**Given data:**
....................
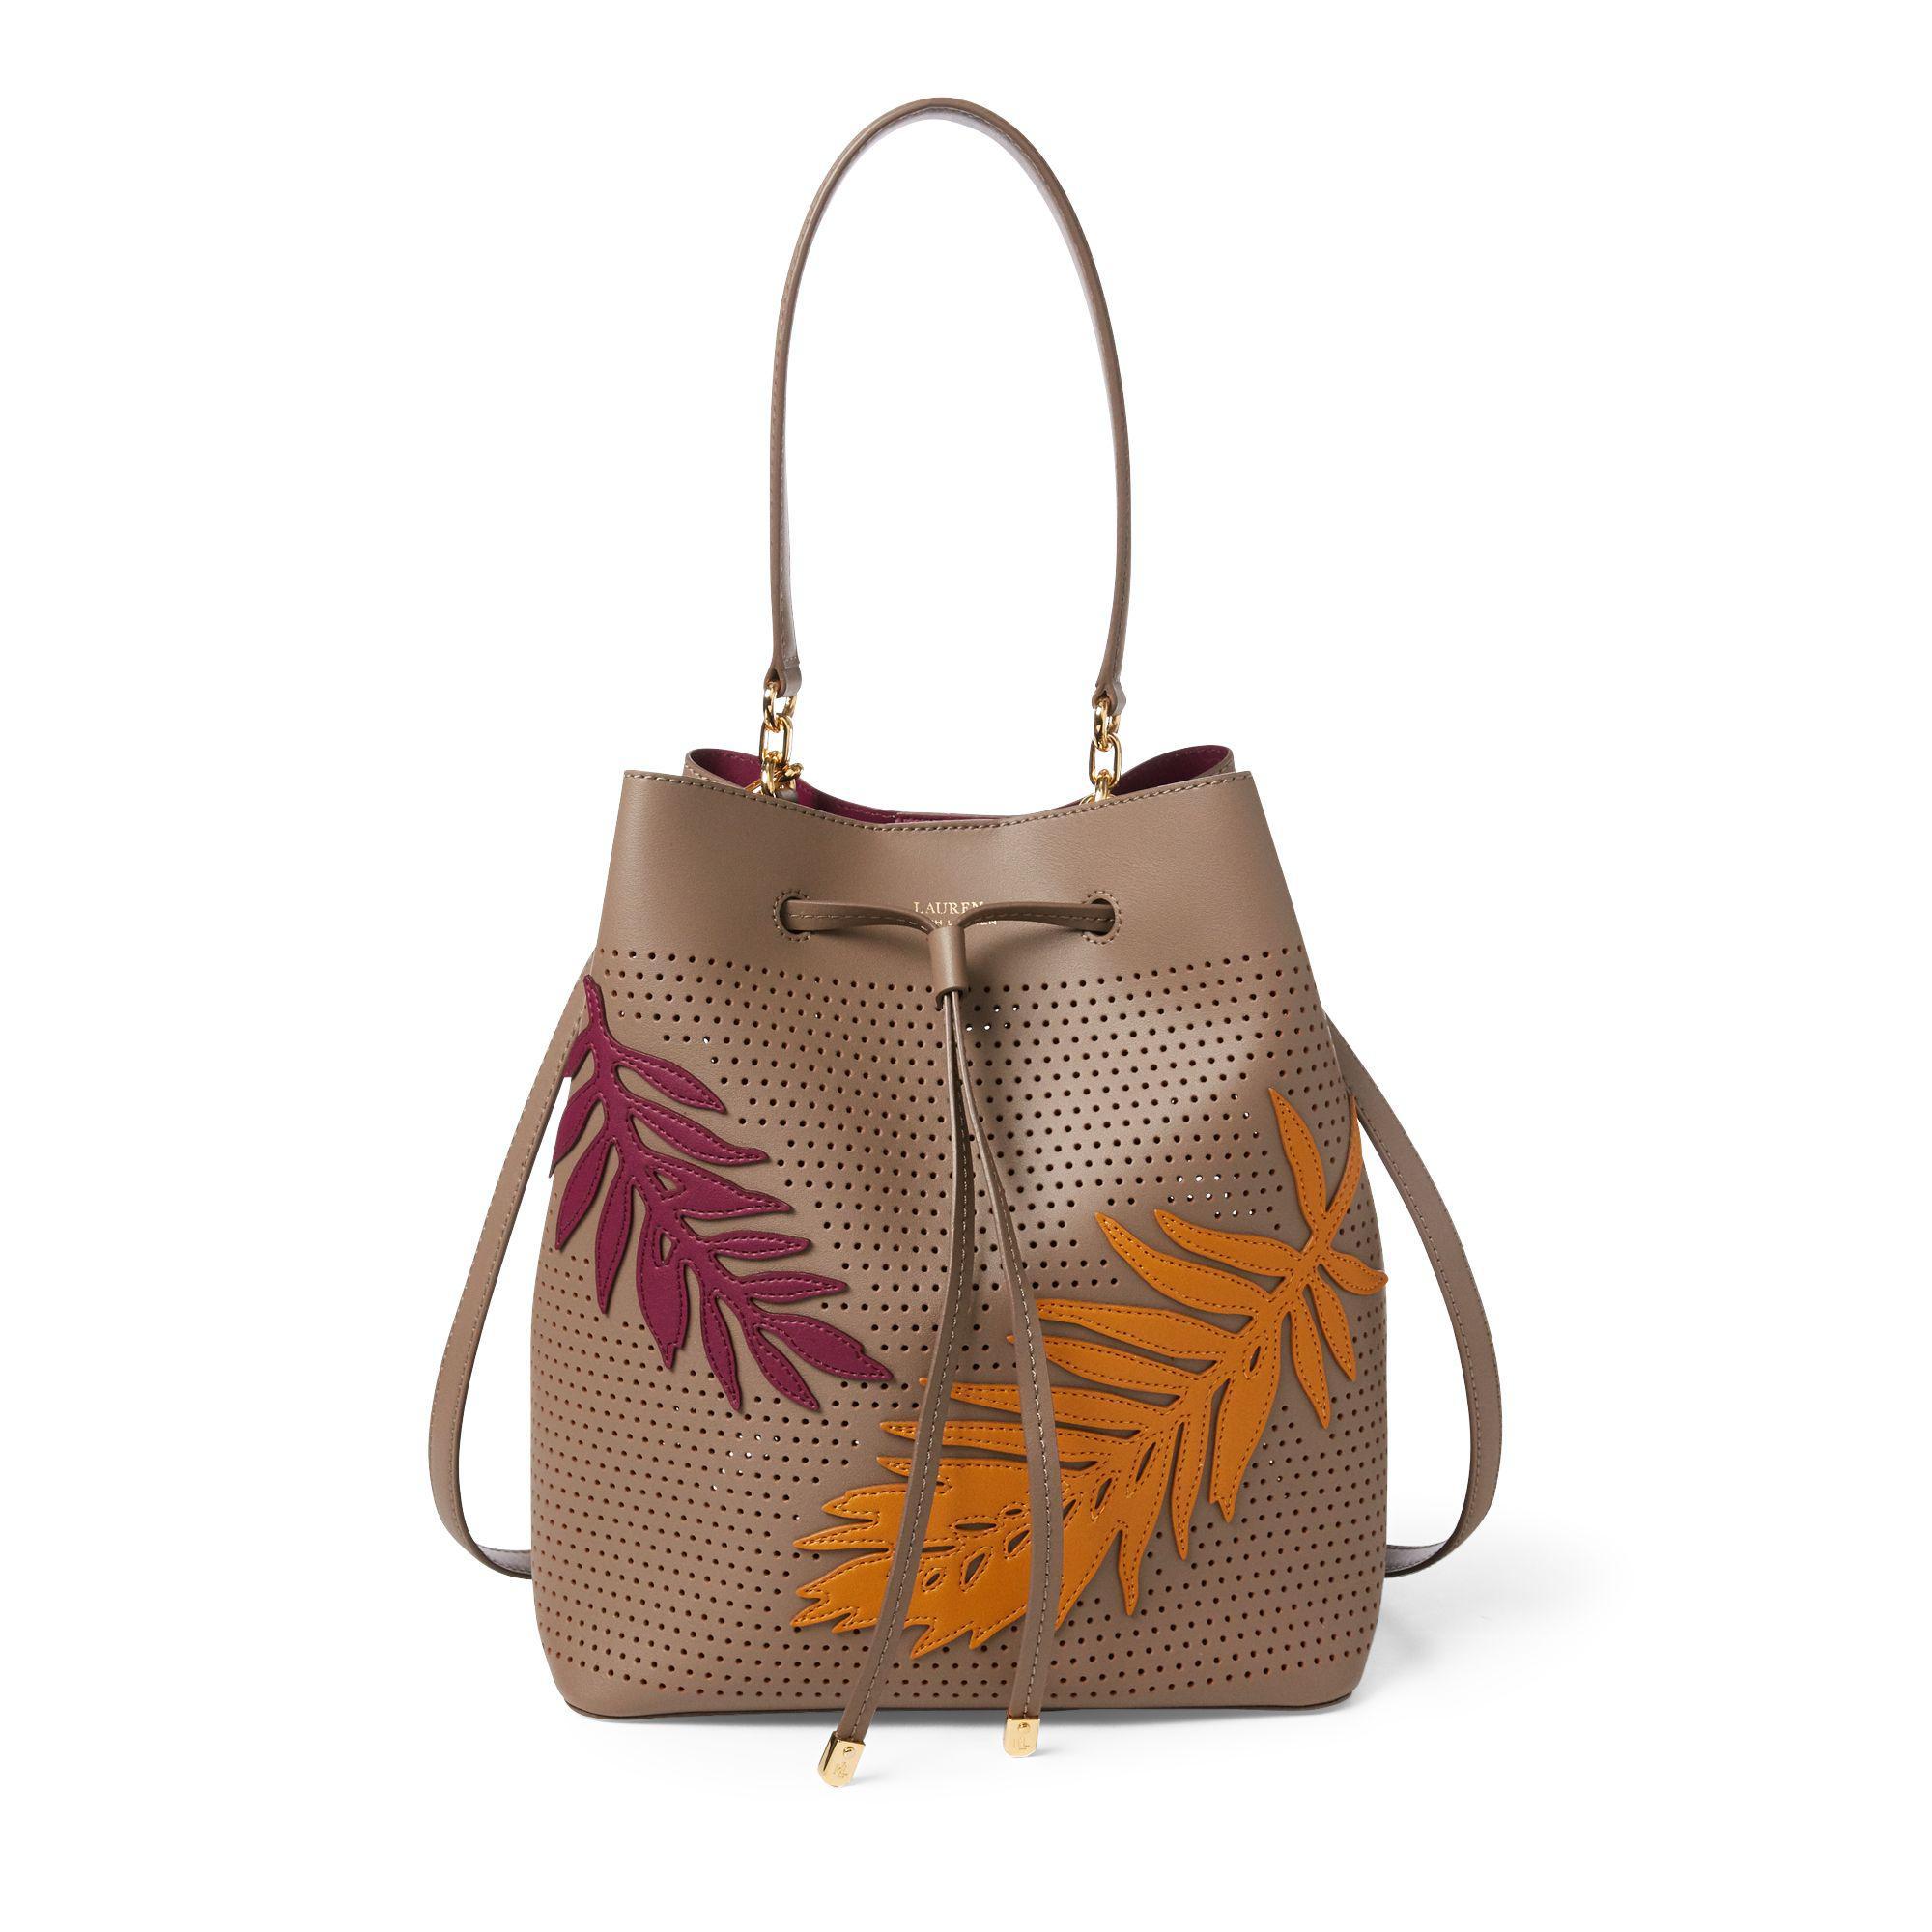 7ae9b1d829c47 Ralph Lauren Leaf Debby Drawstring Bag in Brown - Lyst
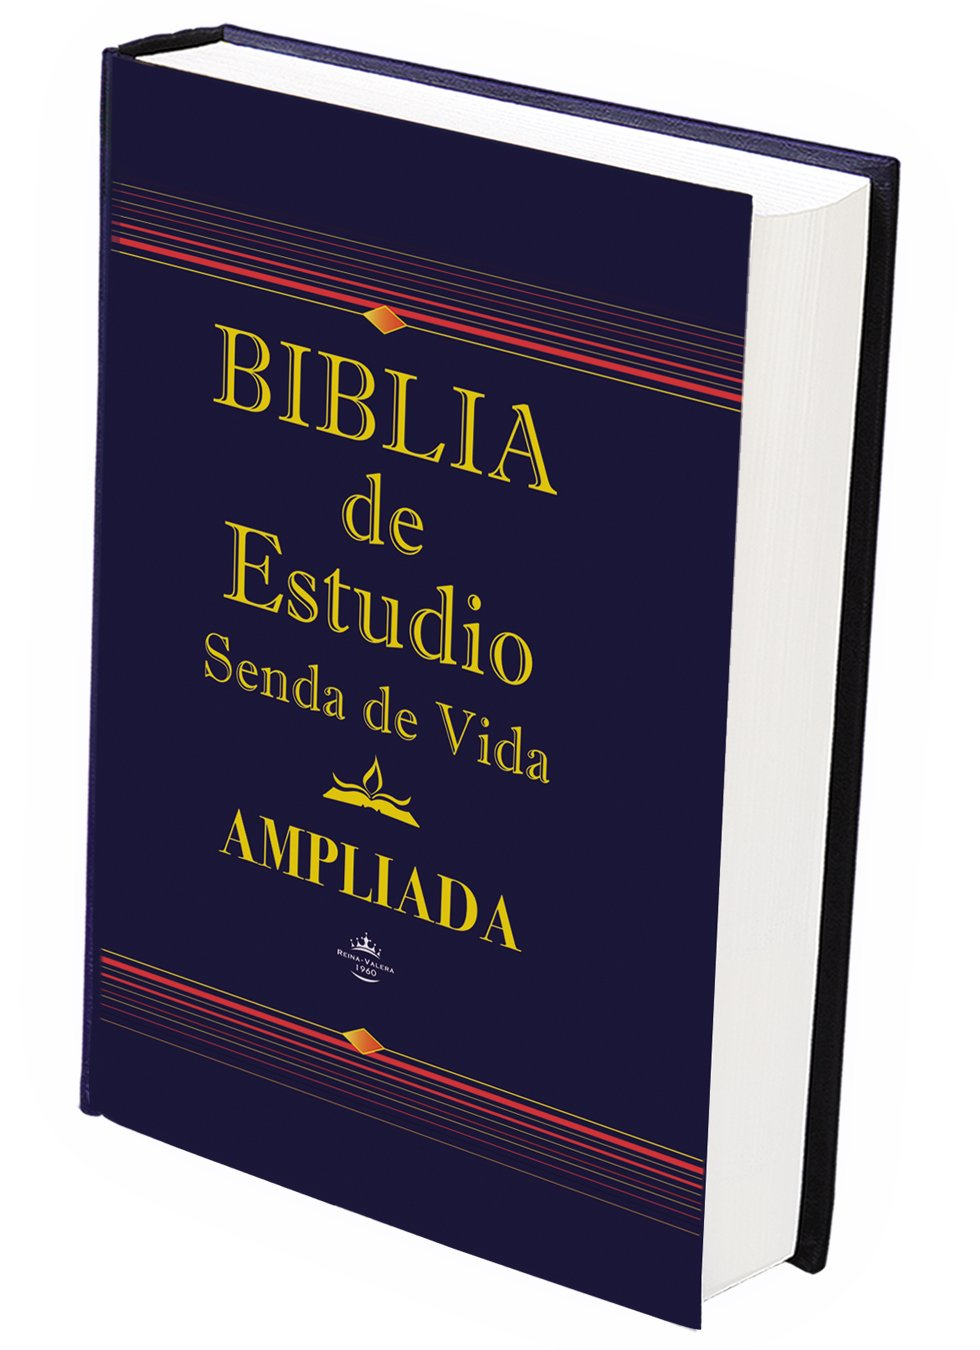 Biblia de Estudio Ampliada Tapa Dura con Indice: Senda de Vida Publishers:  9781622152117: Amazon.com: Books
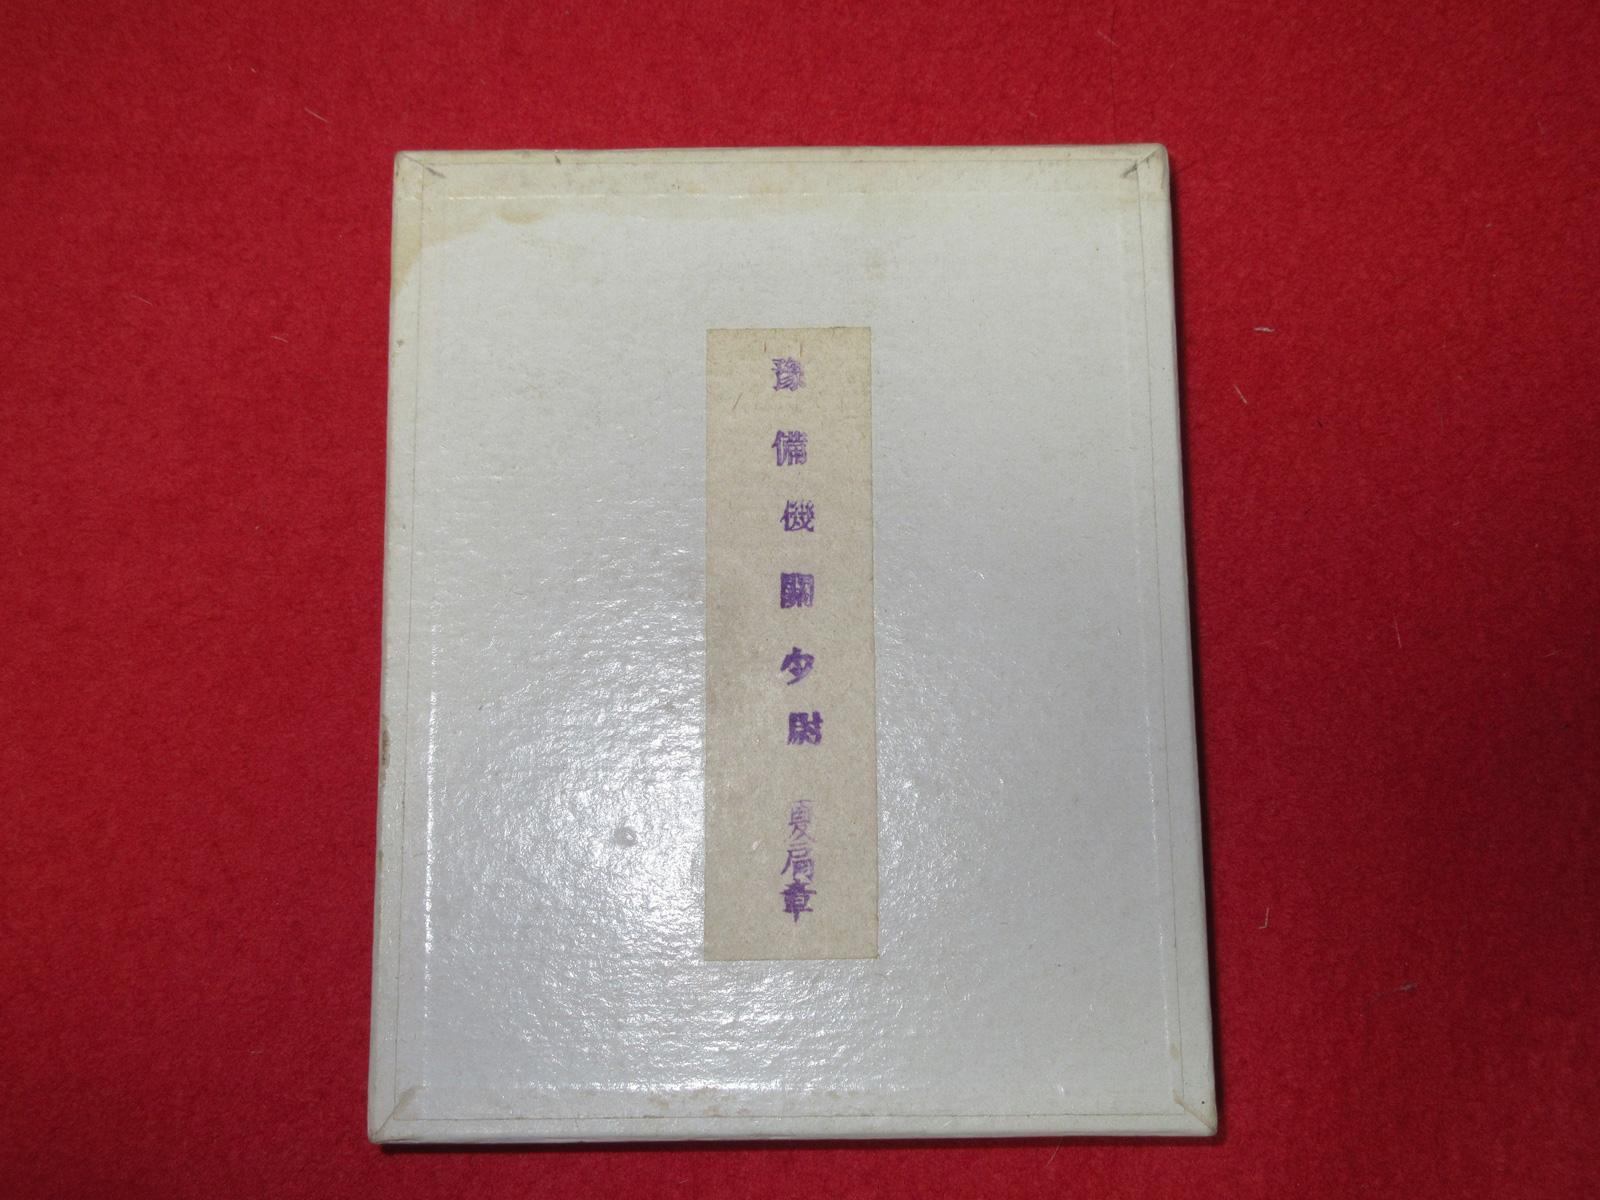 rank_insignia-0041
....................
**Exercise:** With the pictures left out, copy exactly the lines from the one containing "Biblia de Estudio" through the last line of the data.

**Exercise solution:**
 Biblia de Estudio Ampliada Tapa Dura con Indice: Senda de Vida Publishers:  9781622152117: Amazon.com: Books
 rank_insignia-0041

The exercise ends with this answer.